Больше он ко мне не заходил, и я подумал, что он нашел себе нового парикмахера. Его жена была близкой подругой моей. Однажды она пришла к нам и рассказала, что Адаза ушел из дому и пропал без вести. После этого заболела одна из их дочерей. Жена Адазы попросила меня найти пропавшего мужа и привести его домой. Махизер поддержала ее просьбу, и я отправился на поиски. Обошел все места, где собираются архитекторы, обшарил бары Бейоглу, просмотрел новости о происшествиях на третьих страницах газет и в конце концов узнал, что Адаза прибился к бездомным, обитающим близ крепостной стены[13]Имеется в виду стена Феодосия, построенная еще византийцами в V веке и протянувшаяся от залива Золотой Рог до Мраморного моря. В наши дни значительная ее часть пребывает в небрежении и полуразрушенном состоянии.. Тогда я начал обыскивать подземные туннели и тайные проходы, что тянутся кротовьими норами от мыса Сарайбурну до Кумкапы, да расспрашивать нюхающих клей уличных мальчишек и дешевых проституток, и вот однажды ночью я нашел его в Джанкуртаране, у костра, разведенного под стеной с той ее стороны, где проходит железная дорога. Вокруг костра собралась дюжина бездомных нищих. Они передавали друг другу бутылку с вином, а один из них пел заунывную, с надрывом песню: «Как тебе не стыдно, подлая судьба!» Я встал за деревом и некоторое время наблюдал за ними, не подходя ближе. «Дни мои чернее ночи…» – выводил певец, когда по железной дороге загрохотал поезд.
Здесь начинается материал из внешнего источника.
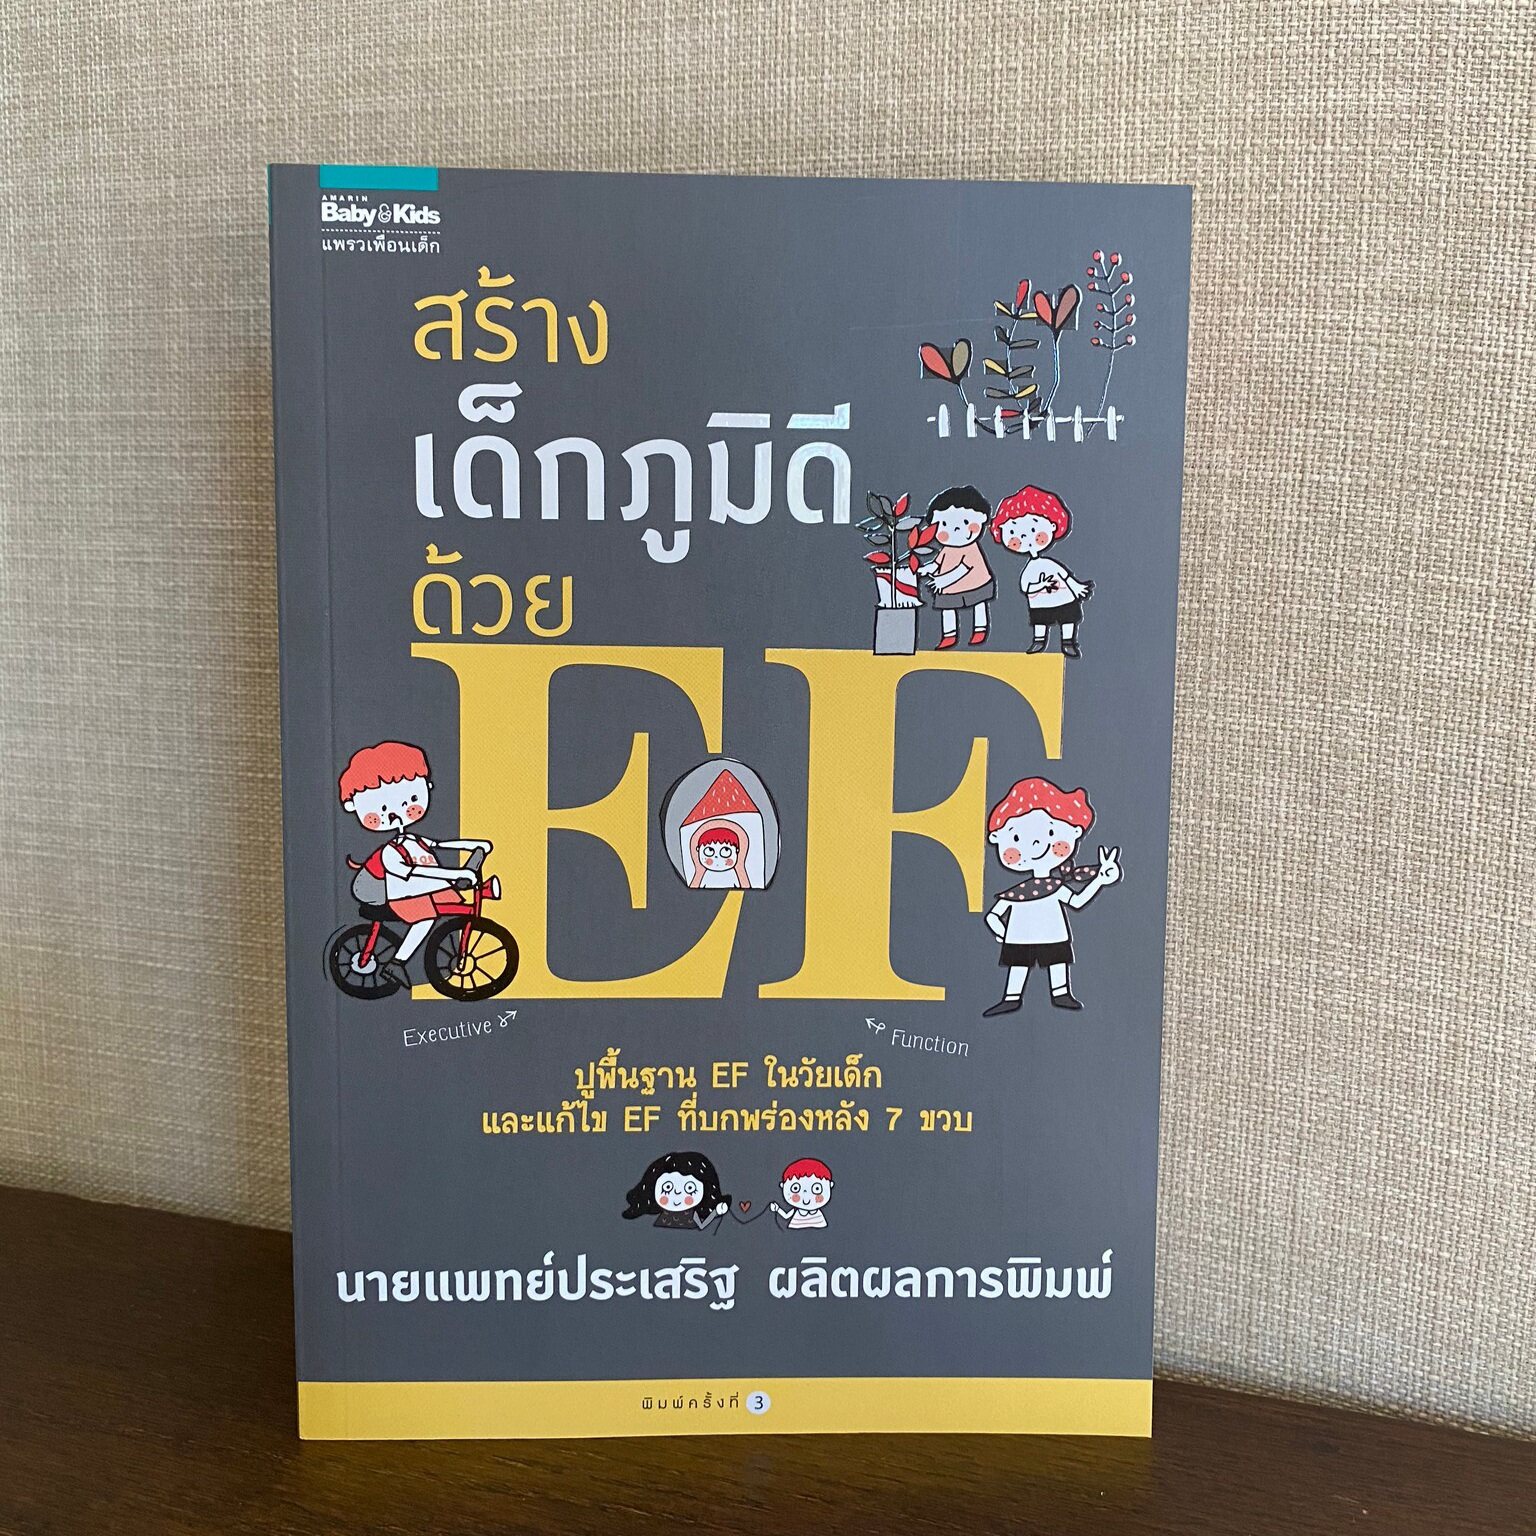 สร้างเด็กภูมิดีด้วย EF หนังสือของ คุณหมอประเสริฐ ผลิตผลการพิมพ์ เลี้ยงลูก คุณแม่ จากหมูสามตัวหนังสือเด็ก จากร้าน talkingpen thailand ปากกาพูดได้

Земля под ногами задрожала, среди деревьев мелькнул желтый луч и исчез. Когда шум поезда затих вдали, смолкла и песня. «Эй, Странник, – подал голос кто-то из нищих, – поговори с нами, как вчера говорил. Расскажи что-нибудь новое».

Странник этот был не кем иным, как архитектором Адазой. Когда он поднялся на ноги, я увидел на нем черную хырку, а в руке он держал длинный посох. И еще он был бос, как скиталец из притчи про стену. Держал он себя так, словно намеревался обратиться с речью к самому изысканному обществу. Обвел взглядом присутствующих и заговорил:

– Нам солгали. Человек, первым нашедший применение огню, что горит сейчас перед нами, не дал ему имени. Имя дали пришедшие позже и заявили, что человечество, мол, открыло огонь. Сущее существует, как его можно открыть? Нам не сказали, что первый человек не открыл огонь, а создал его. Пока огонь сам собой возгорался и сам собой гас, он был ничто. Однажды человек поджарил на огне добытое на охоте мясо, согрел им свою пещеру. И это было не открытие, а сотворение. От нас скрыли истину.

– Да здравствует Странник!

– Молодец, Странник! Мы ничего не поняли, но ты давай говори.

– Да выпей вина, а то в горле пересохнет.

Архитектор Адаза был пьян, но хорошо помнил то, что услышал когда-то от меня. Сейчас он повторял слова, сказанные мной однажды в парикмахерской, просто чтобы время тянулось не так медленно, пока я стриг его.

– Мы – жертвы города, – продолжал Адаза. – Мы бедны или несчастны, а чаще всего – и то и другое. Нас учили не терять надежды. Надежда – причина того, что мы миримся со злом. Но если сегодняшний день нам не принадлежит, где гарантия того, что нашим будет день завтрашний? Надежда – ложь, придуманная проповедниками, политиками, богачами. Они обманывают нас, скрывают от нас истину!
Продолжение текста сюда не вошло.